Ole Miss students vote to take down the state flag, with its Confederate symbol

After Americans in South Carolina banished the increasingly unpopular Confederate flag from their capitol grounds this summer, attention turned to Mississippi—the last state in the union to incorporate the racially divisive signage on its own state flag.

While the state government has yet to make a move, its main public university is now signaling decisive disdain for the flag that the South flew during the American Civil War: Students at the University of Mississippi don’t want the Mississippi state flag to fly on campus anymore.

The University of Mississippi, also known as “Ole Miss,” has long epitomized the racially charged history of America’s Deep South. The school’s sports teams are “the Rebels,” a nod to the Confederacy that began the Civil War, following divisions over slavery, in 1861. Riots broke out on campus when the first black student was admitted to the university in 1962. And as the Washington Post notes, other reminders of the pro-slavery movement are scattered throughout the campus: a Confederate cemetery, a Confederate soldier’s statue, a road called Confederate Drive.

Most galling to many, however, was the Mississippi state flag, which includes the Confederate battle flag in its design.

Ole Miss has incrementally tried to distance itself from these symbols; Confederate Drive was renamed in 2014, becoming the more innocuously named Chapel Lane.
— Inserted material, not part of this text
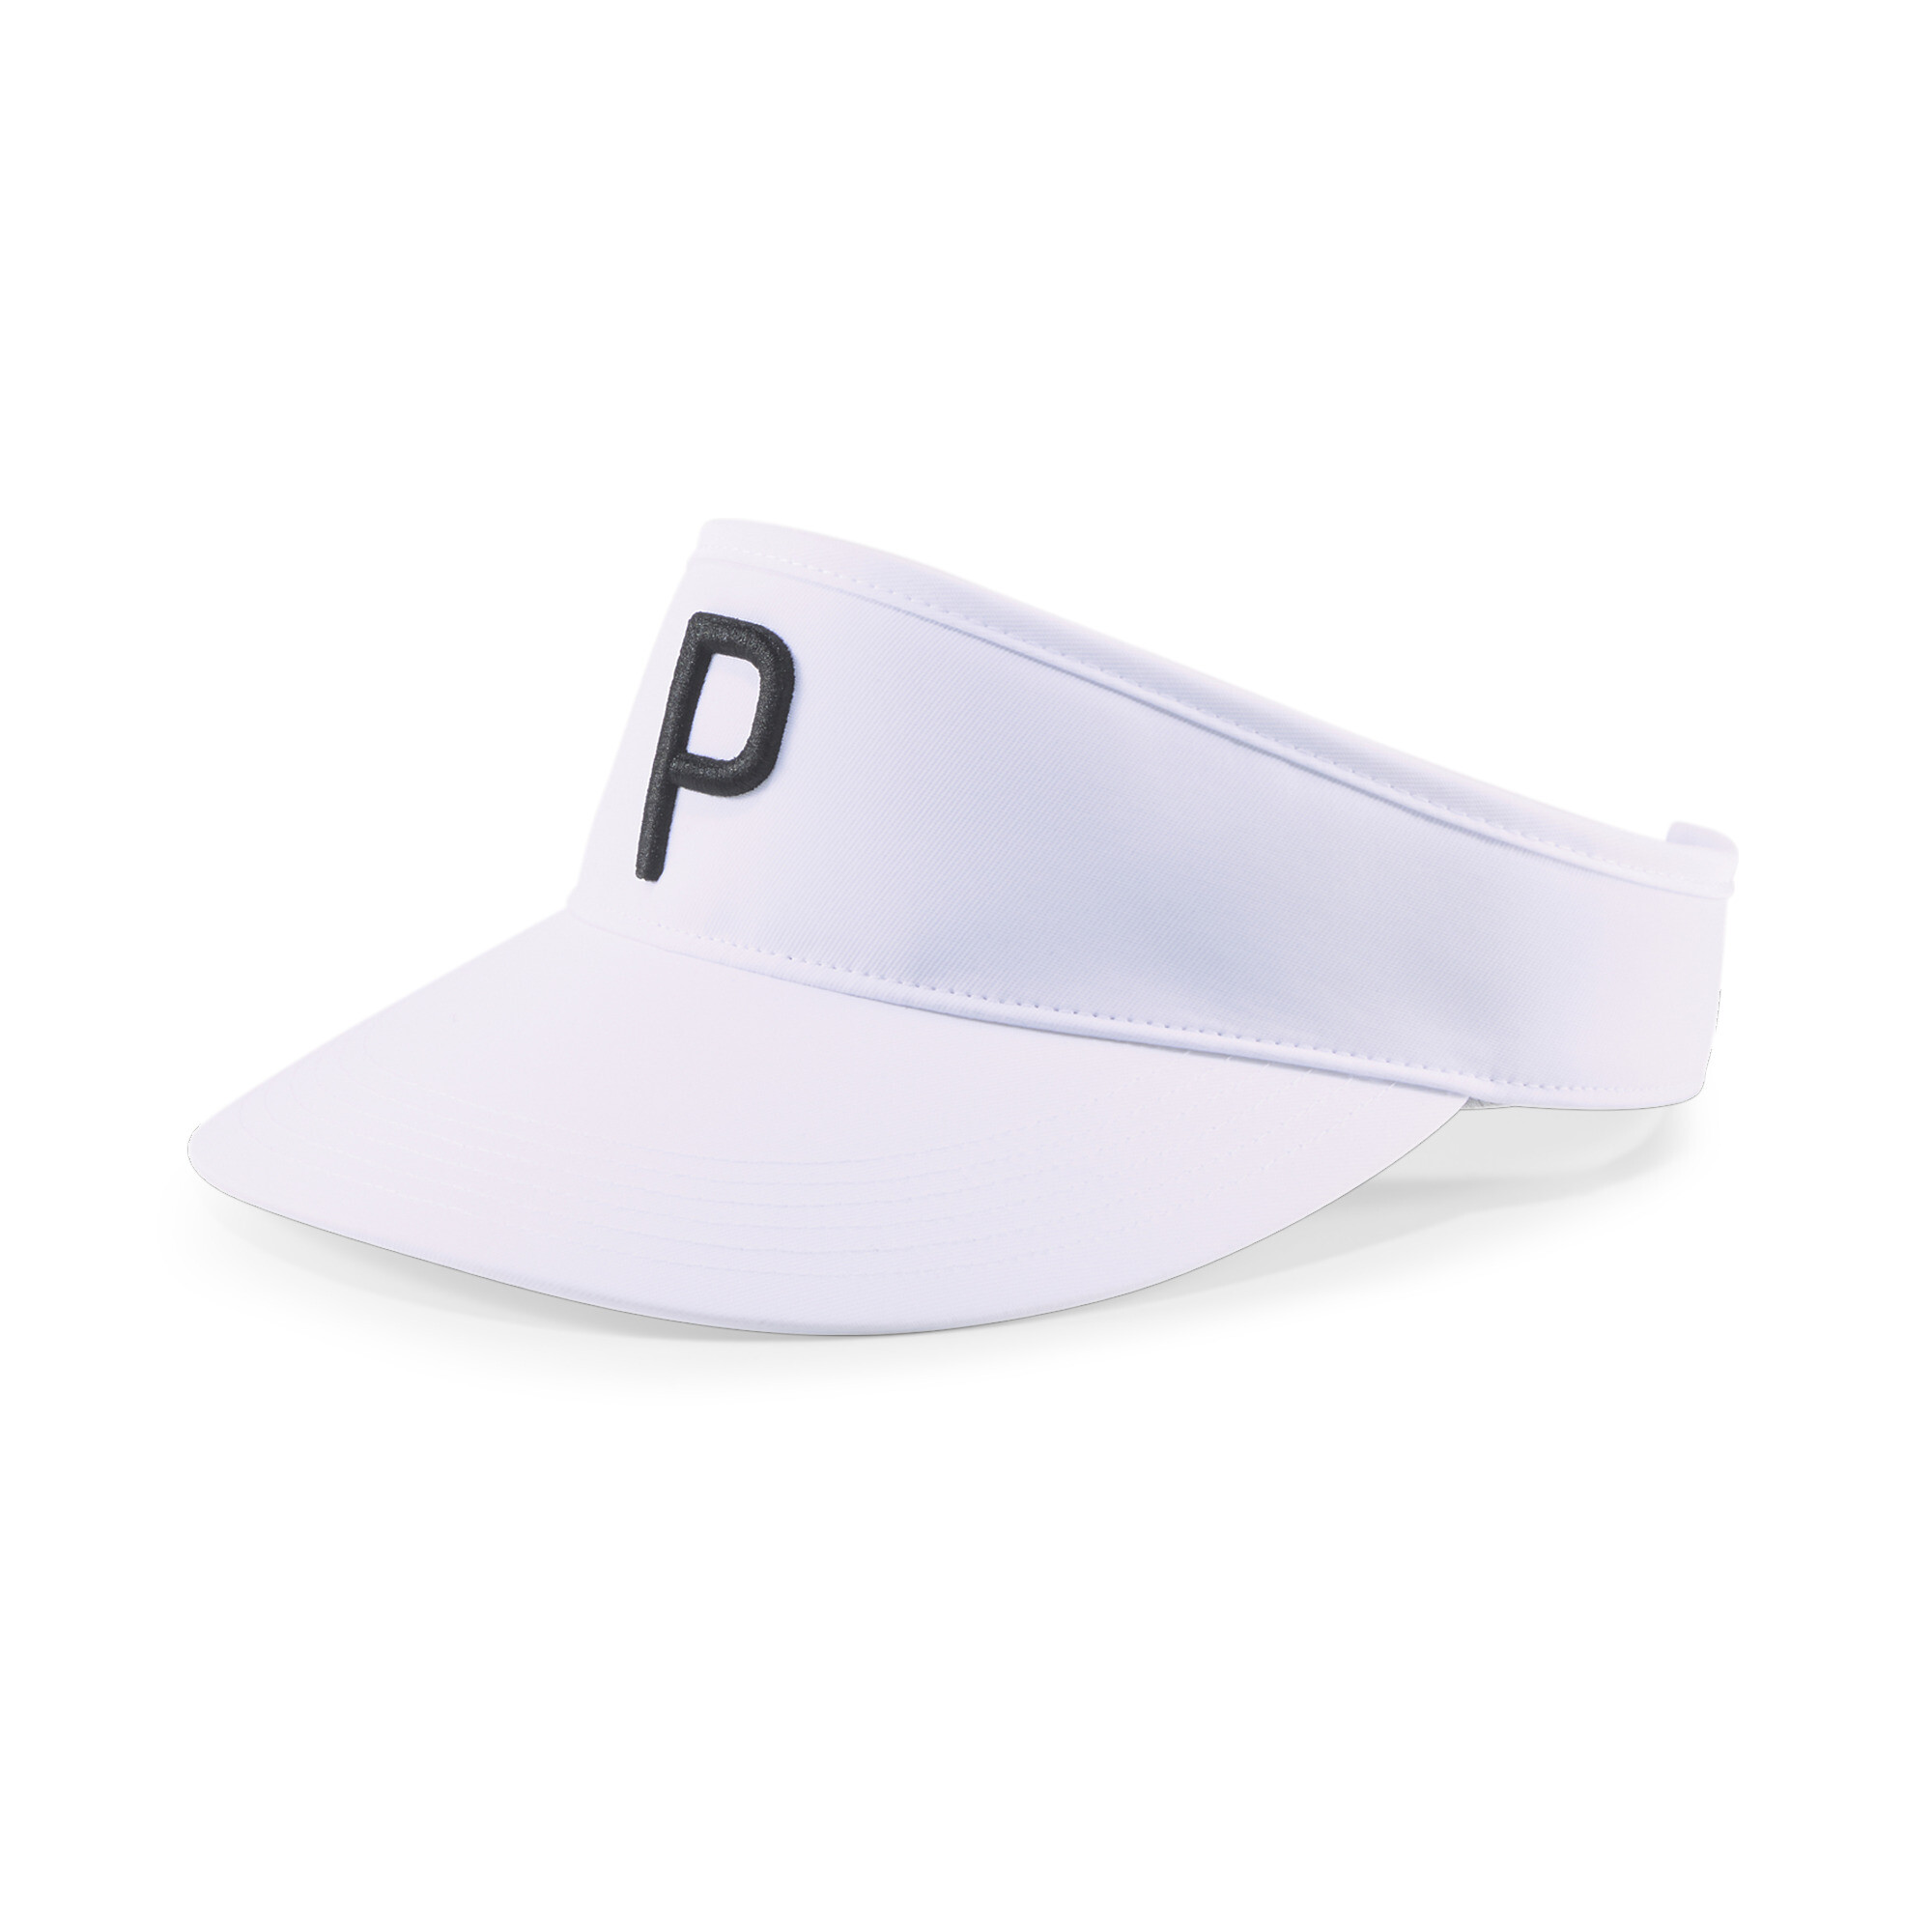 ＜プーマ公式通販＞ プーマ メンズ ゴルフ P アジャスタブル バイザー メンズ Bright White-Puma Black ｜PUMA.com

The Confederate flag has not been allowed on official university materials since the 1980s.

After rallies by competing advocacy groups on campus last week—the NAACP and the International Keystone Knights (a Ku Klux Klan affiliate) and the League of the South—the university’s student government voted on a non-binding resolution calling for the removal of the Mississippi state flag from campus.

In a vote last night (Oct. 20), the measure passed 35-15, with one abstention, and an amendment to “encourage the Mississippi legislature to hasten their pursuit of a new state flag.” (Mississippi held a referendum on a new state flag in 2001, at which time voters opted to keep the Confederate design.)

The university’s chancellor has to approve the change before it can go into effect. Three other universities in Mississippi do not fly the state’s flag on their grounds.